A notable cluster of recent KEV adds targets developer and ML infrastructure, where compromise yields supply-chain reach:

  • CVE-2026-39987 in Marimo notebooks and CVE-2026-33017 in Langflow are both code-injection RCEs in AI/LLM tooling, reflecting attacker pivot toward MLOps stacks.
  • CVE-2026-33634Aqua Security Trivy shipping with embedded malicious code — indicates a supply-chain compromise of the scanner itself; if you pinned a bad version in CI, your scan results were the attack vector.
  • CVE-2025-32432 (Craft CMS code injection) and CVE-2025-54068 (Laravel Livewire code injection) round out web-framework RCEs already being scanned at scale.

Apple multi-product cluster

CVE-2025-43510, CVE-2025-43520, and CVE-2025-31277 — improper locking and two buffer overflows across Apple multiple products — were added 2026-03-20 with deadlines now passed.
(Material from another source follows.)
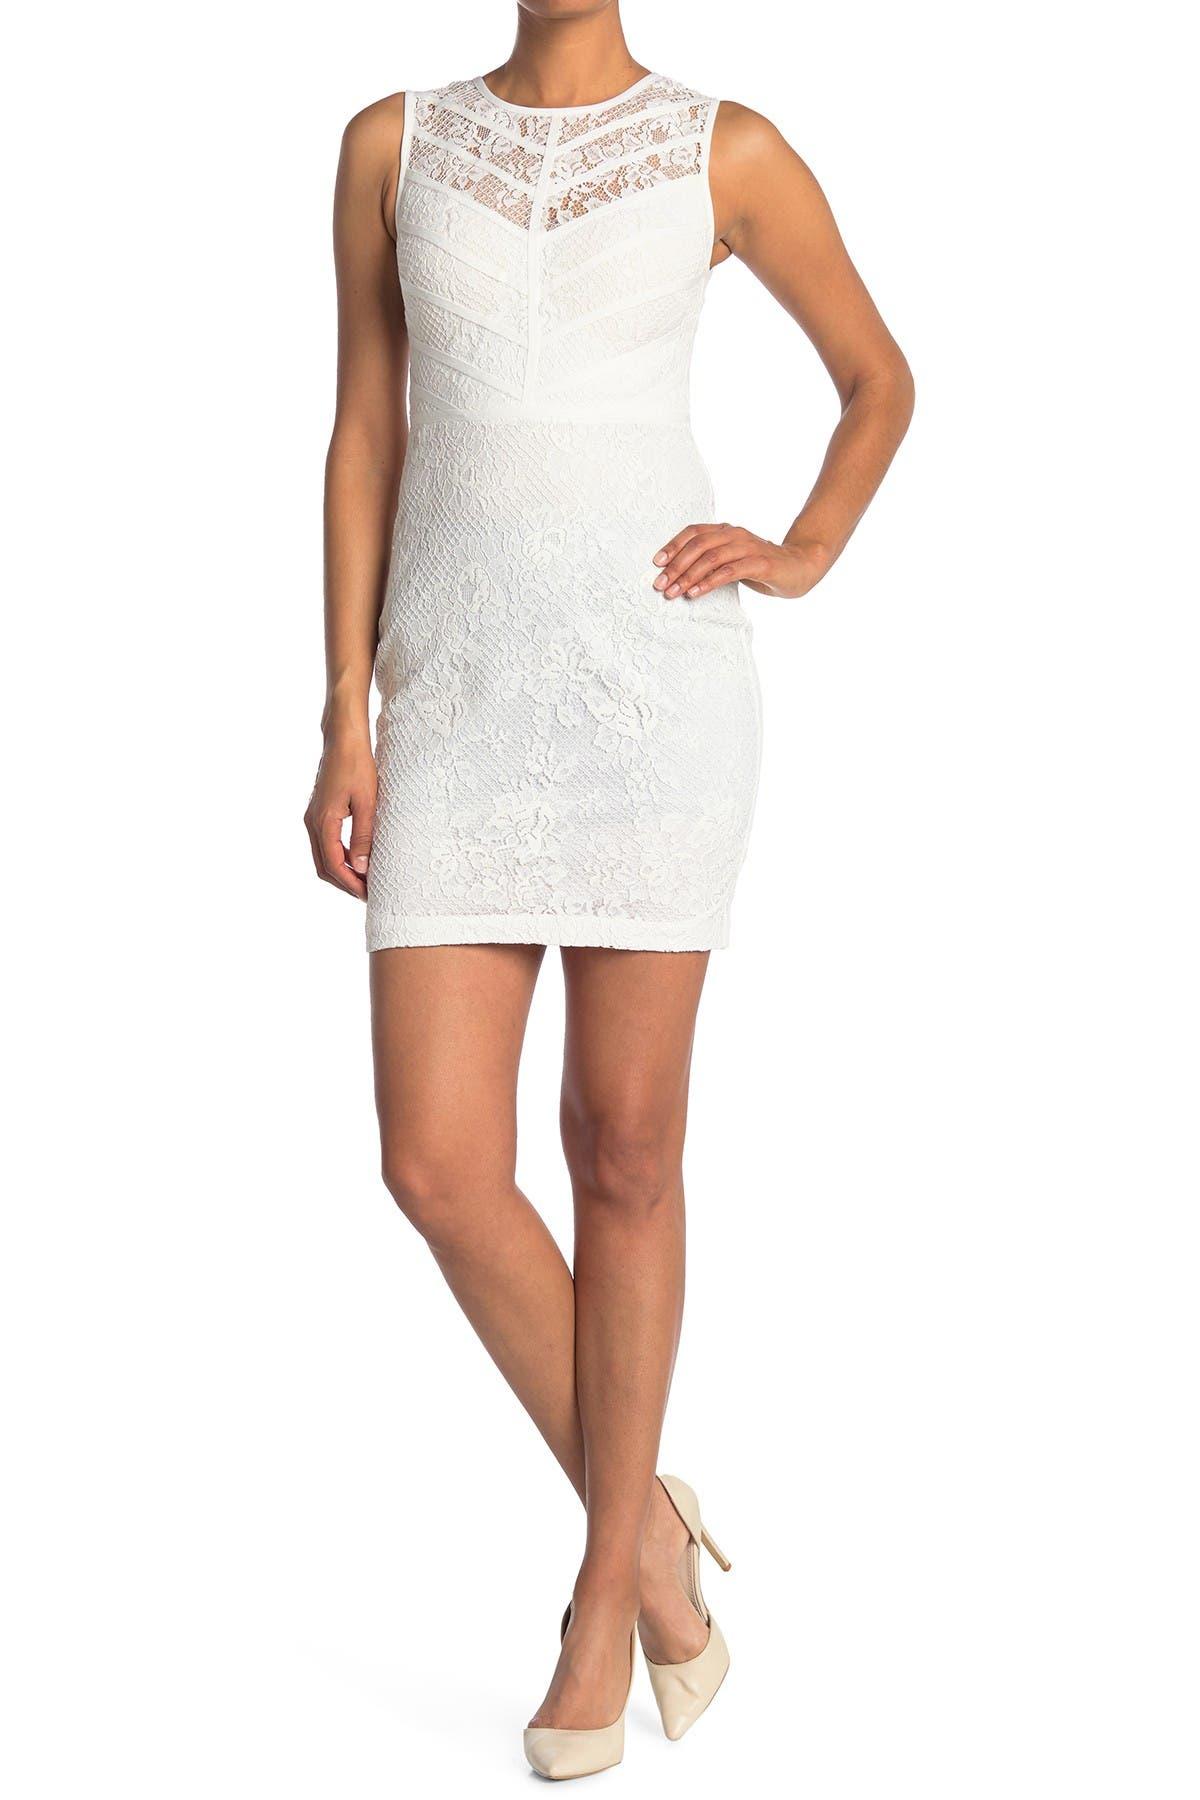 Image of GUESS Lace Sleeveless Sheath Dress

Confirm macOS/iOS fleets are on the corresponding April security update train; targeted exploitation against journalists and dissidents has been the pattern.

Also worth a glance

  • CVE-2026-33825Microsoft Defender insufficient access-control granularity (deadline 2026-05-06): an attacker with footholds can blind EDR, so prioritize alongside any active IR.
  • CVE-2025-2749 (Kentico Xperience path traversal) and CVE-2025-32975 (Quest KACE SMA improper authentication) — both due 2026-05-04 — are high-value pivots in mid-market enterprises.
  • CVE-2026-3502, a code-integrity check failure in TrueConf Client, enables malicious update delivery; verify autoupdate channels are signed and pinned.
  • CVE-2026-5281, a UAF in Google Dawn (Chrome's WebGPU implementation), and CVE-2025-66376 (second Zimbra XSS this month) close out the recent additions.

Editor's take

The week's signal is twofold: (1) edge management planes — Cisco SD-WAN Manager, FortiClient EMS, Ivanti EPMM, NetScaler, BIG-IP — keep getting hit, and several of these deadlines are already in the rearview mirror; and (2) the AI/dev-tool attack surface (Marimo, Langflow, Trivy) is now a recurring KEV category. If your patch cadence is monthly, that is no longer fast enough for management-plane CVEs.